Whoever names a joint program for strike drones ‘Red Baron’ is setting the tone: they are emulating a German fighter pilot from World War I. But that is by far not the only explosive aspect of the cooperation between the air forces of Germany and Israel. German drone pilots and weapons operators are being trained at a base in Israel that is central to the Gaza war. So, Bundeswehr personnel see daily from their container village how Israeli planes and drones take off for mass killings in the Gaza Strip and, after dozens of Palestinians have lost their lives each time, land again.
It is even possible that training flights of the German Air Force take place over areas occupied by Israel, which would amount to an indirect recognition of the occupation and thus contradict German foreign policy. In response to parliamentary inquiries, the Ministry of Defense has always stated that it relies on Israeli military to ensure that flight control does not direct them over the West Bank or Gaza.

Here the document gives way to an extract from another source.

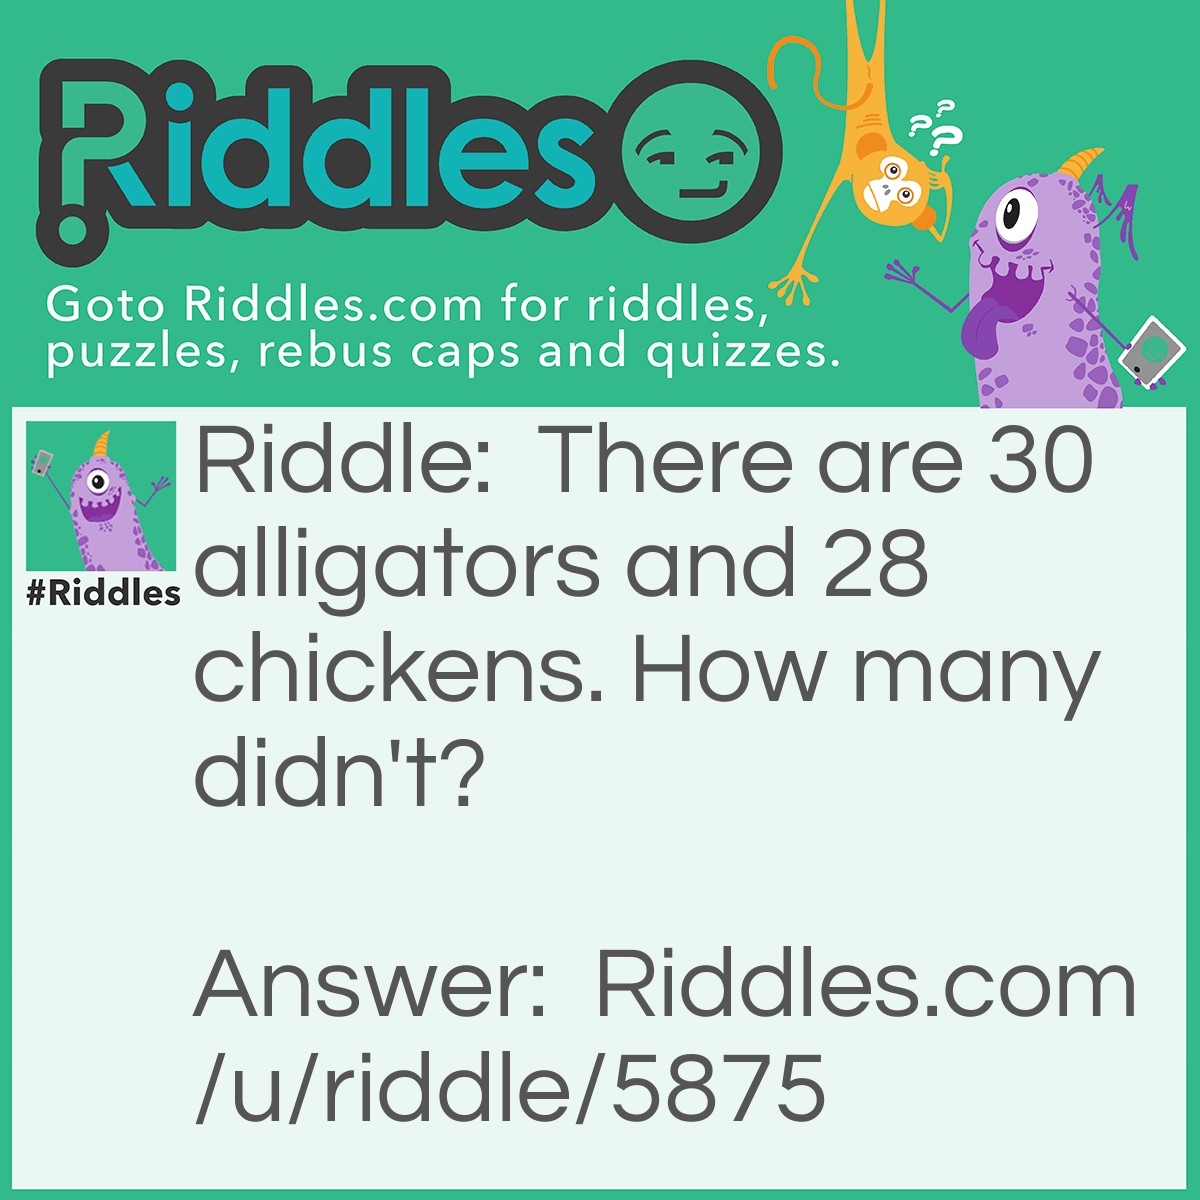 Riddle: There are 30 alligators and 28 chickens. How many didn't? Answer: 10. 20 ate chickens not 28.

In the meantime, essential parts of ‘Red Baron’ have been relocated to Germany — likely a consequence of the Gaza war. This probably also means that Israeli personnel have been assigned to Schleswig-Holstein for this purpose. So anyone who wants to protest against the war can do so at the arms division of Airbus in Bremen, or at the air force base in Jagel, where the killer drones from Israel are now also at home.
Published in German in „nd“.
Image: The first German training course for the Heron TP started in Tel Nof in 2019 (Falk Bärwald/Bundeswehr).